My biggest fear is not finishing, but not just because I want to finish, but because my entire family is here, and I don't want to let my pacers down. They've been training for this, they bought a bunch of stuff, and I want for them to be able to get out on the course and run. And so, like, if I drop at mile 150, which doesn't necessarily sound unreasonable, then like, Bear wouldn't get to run, my dad wouldn't get to run. I just don't want to let people down. Yeah. My niece made me this bracelet, so I'm just going to look at this. I want my nieces and nephew to remember their crazy uncle running 240 miles across the desert and not

their crazy uncle that quit the race. They'll have more fun than anyone. They probably won't remember this. Can you sleep the night before a big race, or are you too nervous? I'm so excited to go to sleep. The biggest question is, why? I've been asking myself the same question since the start, and the best answer that I've been able to come up with up to this point is, I want to see what I'm capable of, and so I just continue to push the boundary further and further and sign up for harder and longer races, because I think I kind of want to find my breaking point, and I haven't found it yet, so I keep doing it. Why do I want to find my breaking point? I don't know. And as crazy as it is, it's a lot of fun.

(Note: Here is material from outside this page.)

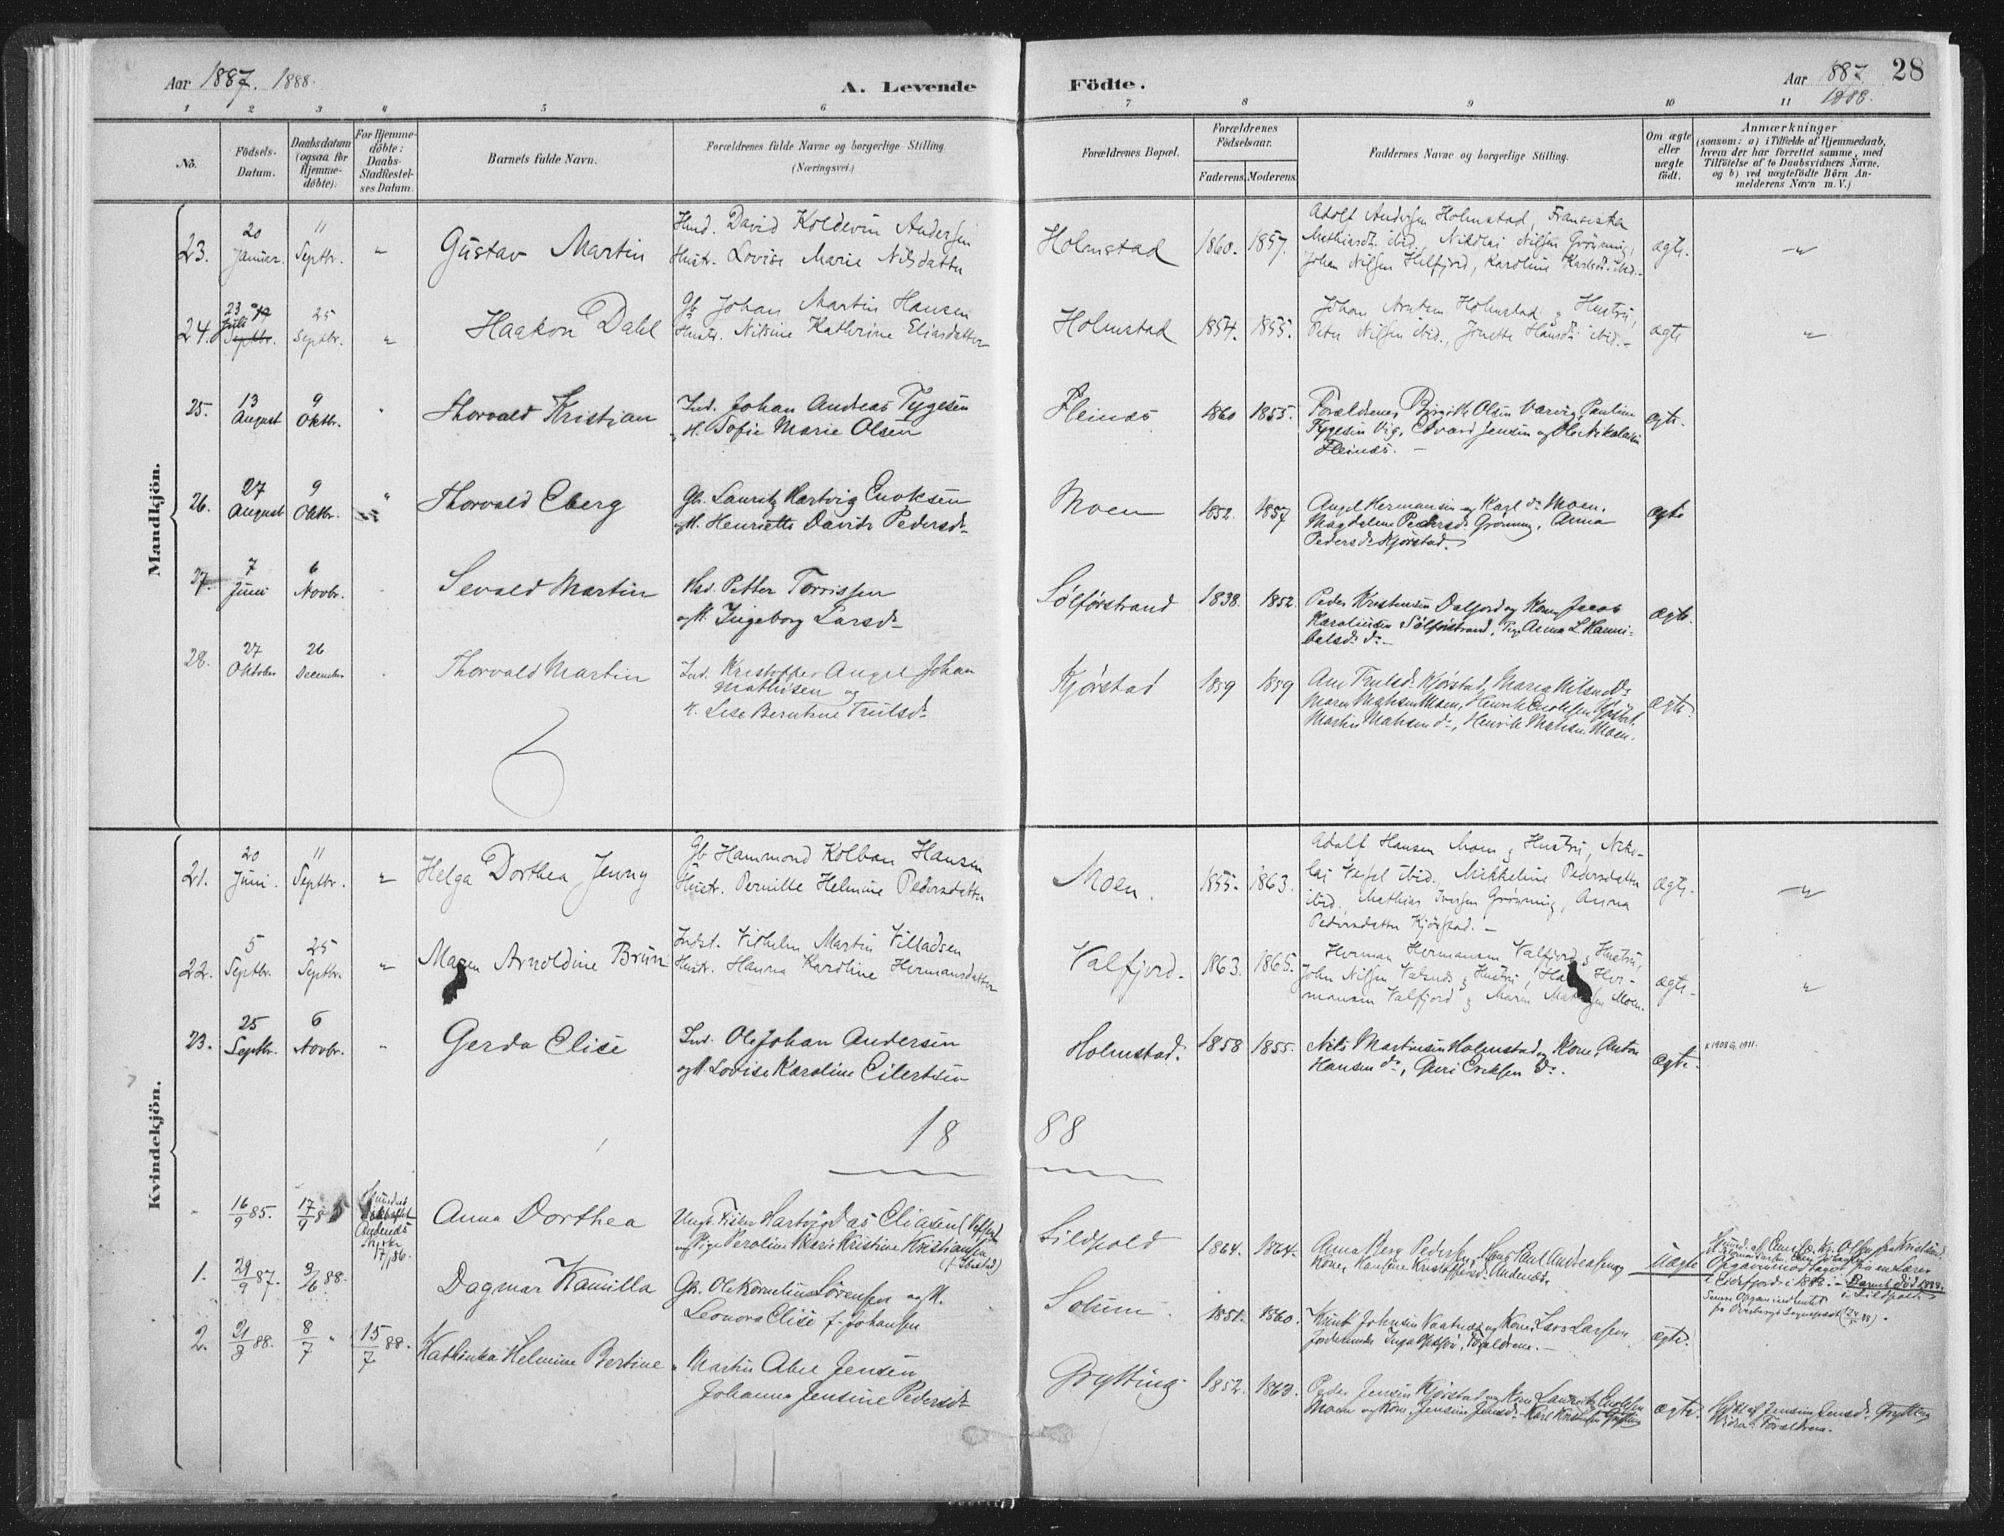 SAT, Ministerialprotokoller, klokkerbøker og fødselsregistre - Nordland, 890/L1286: Ministerialbok nr. 890A01, 1882-1902, s. 28
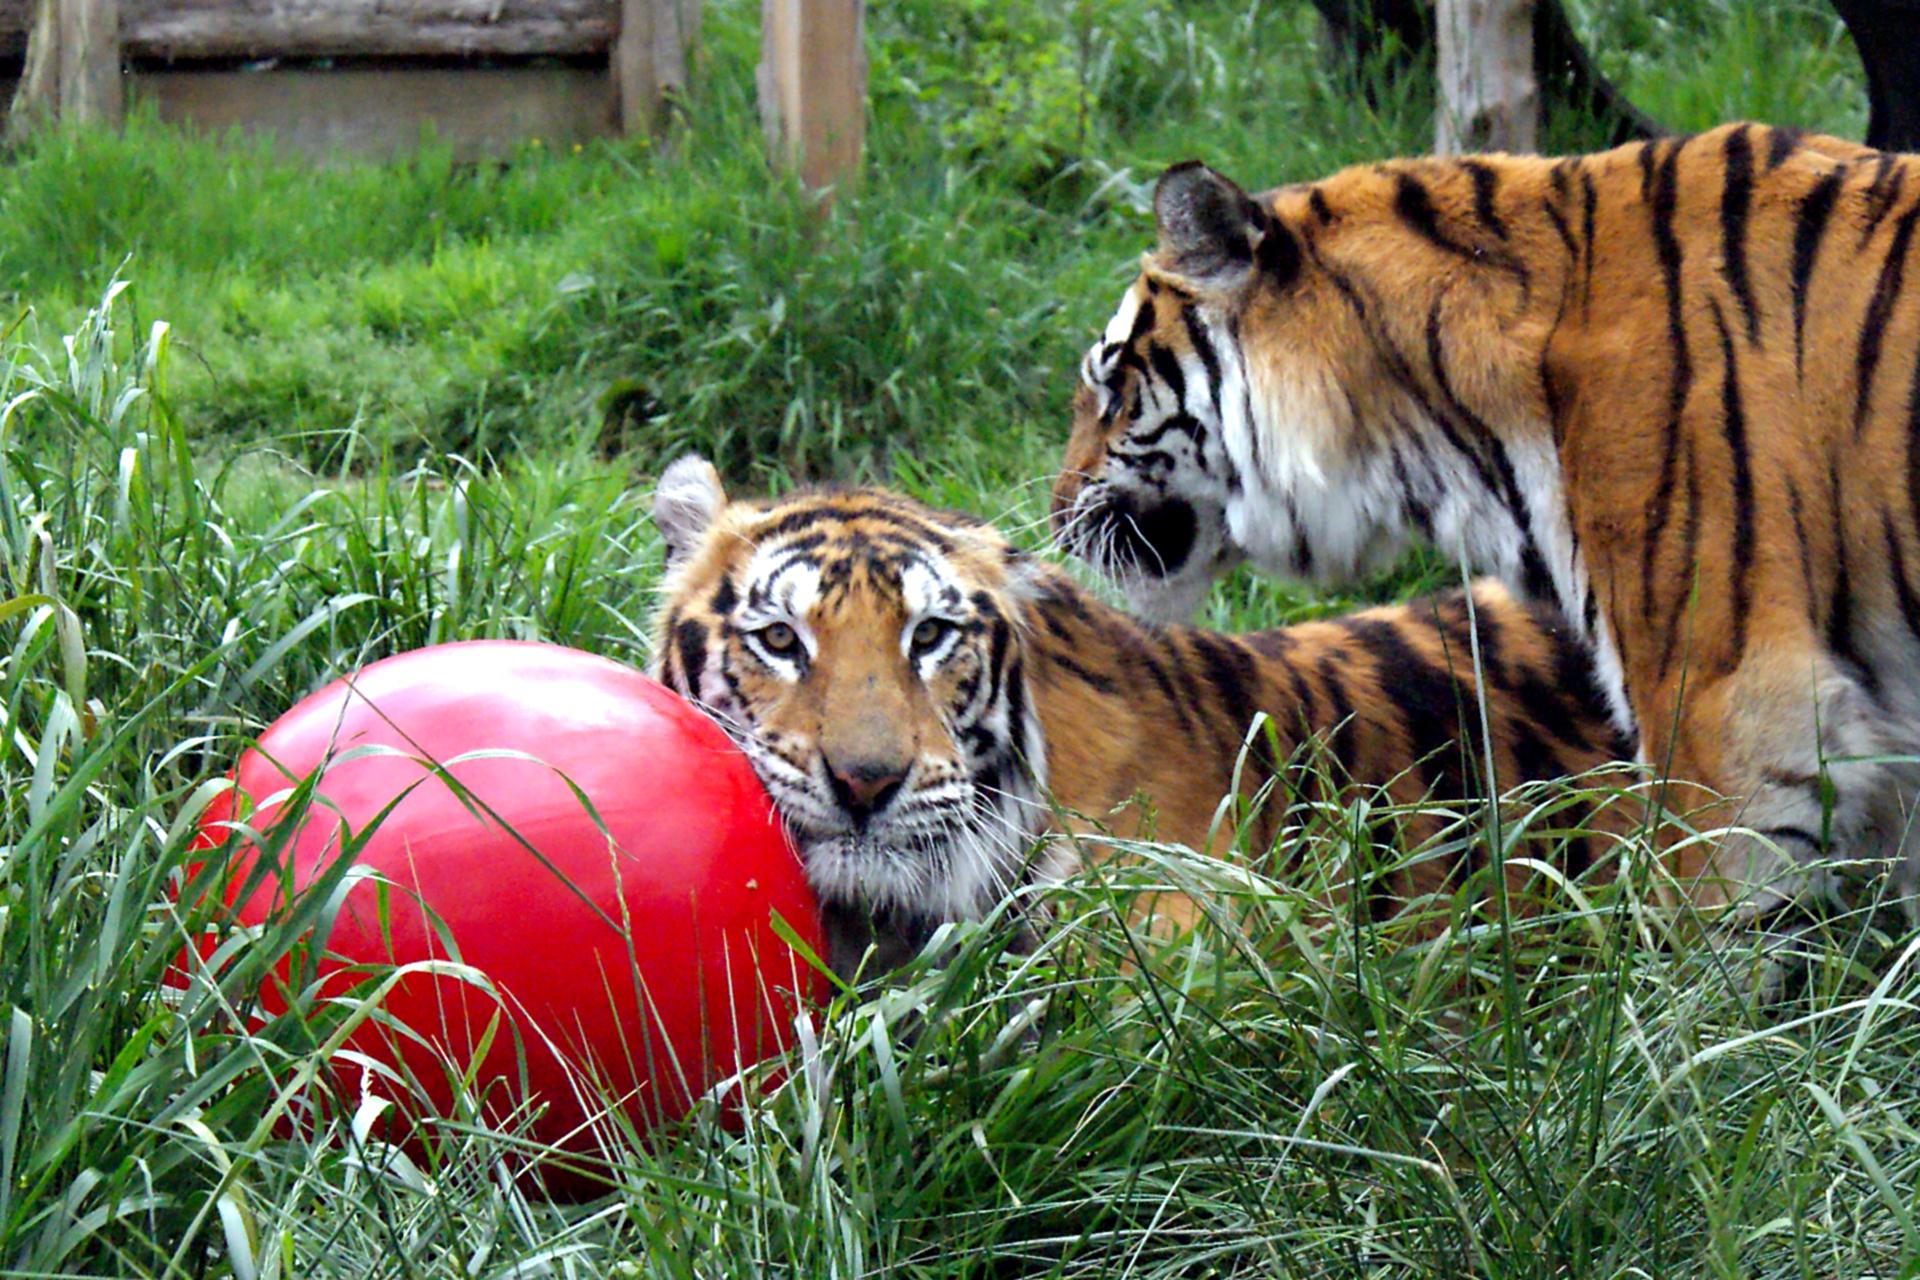 Christian Tiger Carolina Tiger Rescue

It is fun. These people are fun, training is fun, prepping for it's fun, after party is really fun. I will say, after I finished the Leadville 100, I looked in the mirror, and I feel like for the first time ever in my life, I felt like I looked in the mirror and saw a different person. I've been chasing that feeling since Leadville, like none of the other races have given me that same feeling, but this is twice as far, and I feel like just a massive unlock. It gets back to the whole analogy that I've shared a bunch of times, which is like, your comfort zone, and every time you do something that's outside of your comfort zone, your comfort zone expands, and then it think just opens up a lot

more possibilities in your life, and I love the idea of living life to the fullest, and so I kind of feel like the further I can expand my comfort zone, the more I can experience. You got a new brain. 14 hours. I got to go to sleep. Yeah, me, too. We both have a big week ahead. It's hard work for her, too. All right, good night. Good night. You're leaving. We're going to sleep. Ow. I'm sorry, I'm about to pass these trucks, and I can't have a hold right now.

Ugh. I hate it when I get a hold. I'm going to close my eyes. I'm going to turn all the way over. This is making me think of the video where I was checking to see if the stove was leaking.